Privacy

On March 27, 2002, the Department of Health and Human Services (HHS) proposed modifications to some of the standards in the Rule entitled Standards for Privacy of Individually Identifiable Health Information.  Public comment was solicited for only 30 days. During this comment period, the Department received over 11,400 comments.

The Department modified certain standards and published the final Privacy Rule August 14, 2002.  The final rule was effective on October 15, 2002.

As stated in the final Rule summary, "The purpose of these modifications is to maintain strong protections for the privacy of individually identifiable health information while clarifying certain of the Privacy Rule's provisions, addressing the unintended negative effects of the Privacy Rule on health care quality or access to health care, and relieving unintended administrative burdens created by the Privacy Rule."

The HHS Office for Civil Rights (OCR) released an updated guidance document for the Privacy regulations on December 4, 2002.  The document can be found at http://www.hhs.gov/ocr/hipaa/whatsnew.html under the What's New section.

IHCP Notice of Privacy Practices

Pursuant to the HIPAA Privacy Rule that went into effect April 14, 2003, the Indiana Health Coverage Programs (IHCP) started mailing the IHCP Notice of Privacy Practices to all active IHCP members March 19, 2003.  All active members received a copy of the notice prior to the required compliance date and on an ongoing basis, new IHCP members receive a copy of the notice shortly after program enrollment.

A copy of the IHCP Notice of Privacy Practices is available for reference and can be found in bulletin BT200909.

Business Associate

The Office of Medicaid Policy and Planning (OMPP) received inquiries about the need for a business associate agreement between providers and the Indiana Health Coverage Programs (IHCP).  According to the HHS OCR guidance published, December 4, 2002, for the Privacy Rule, providers are not generally considered business associates of health plans.  If the only relationship between the provider and the health plan is submission and payment of claims, the provider is not considered a business associate of the health plan.
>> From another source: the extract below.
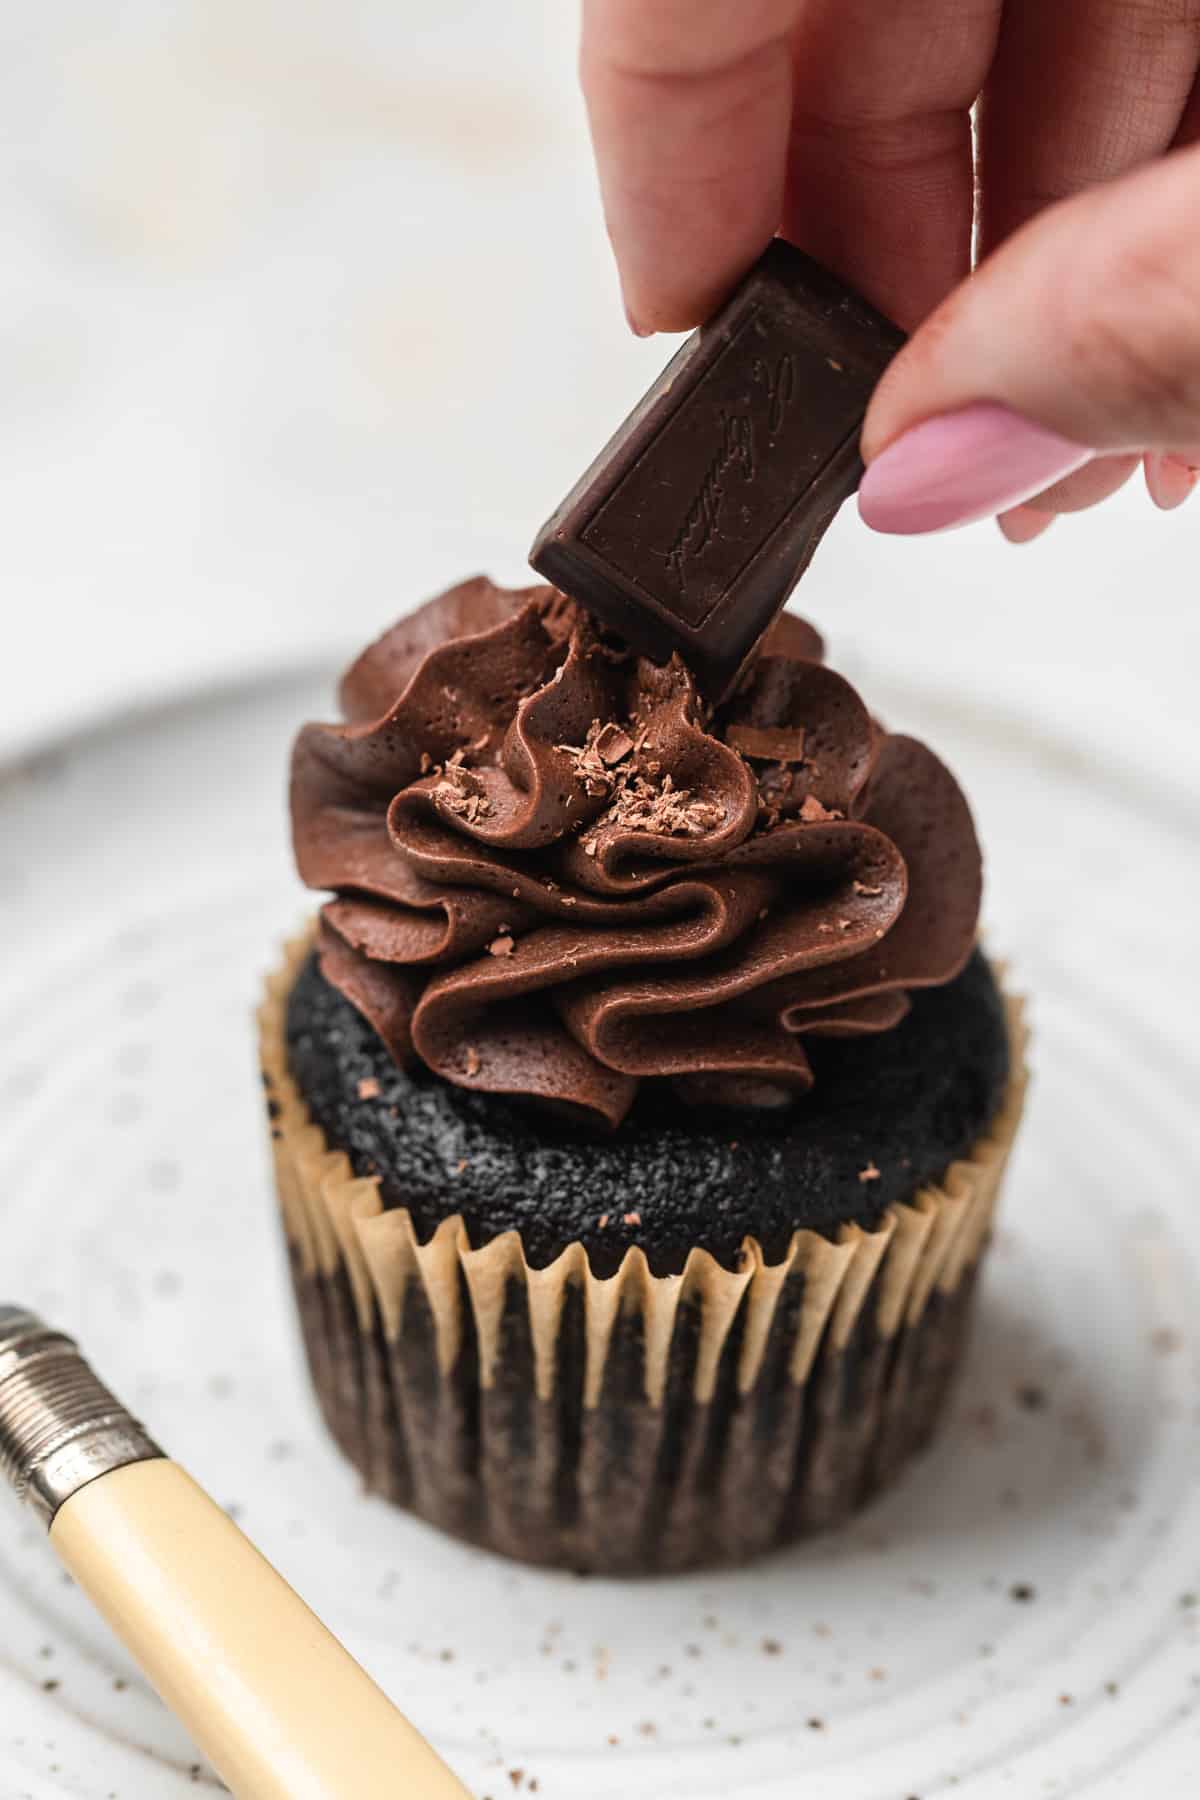 A chocolate cupcake with a piece of chocolate being placed on top.

An accounting firm, which provides accounting services to a health care provider and must access protected health information, is considered a provider's business associate.  Also, accreditation agencies, such as the Joint Commission on Accreditation of Healthcare Organizations (JCAHO), are considered business associates of accredited entities.  For additional information about the requirements for a business associate relationship, please refer to 45 CFR 160.103.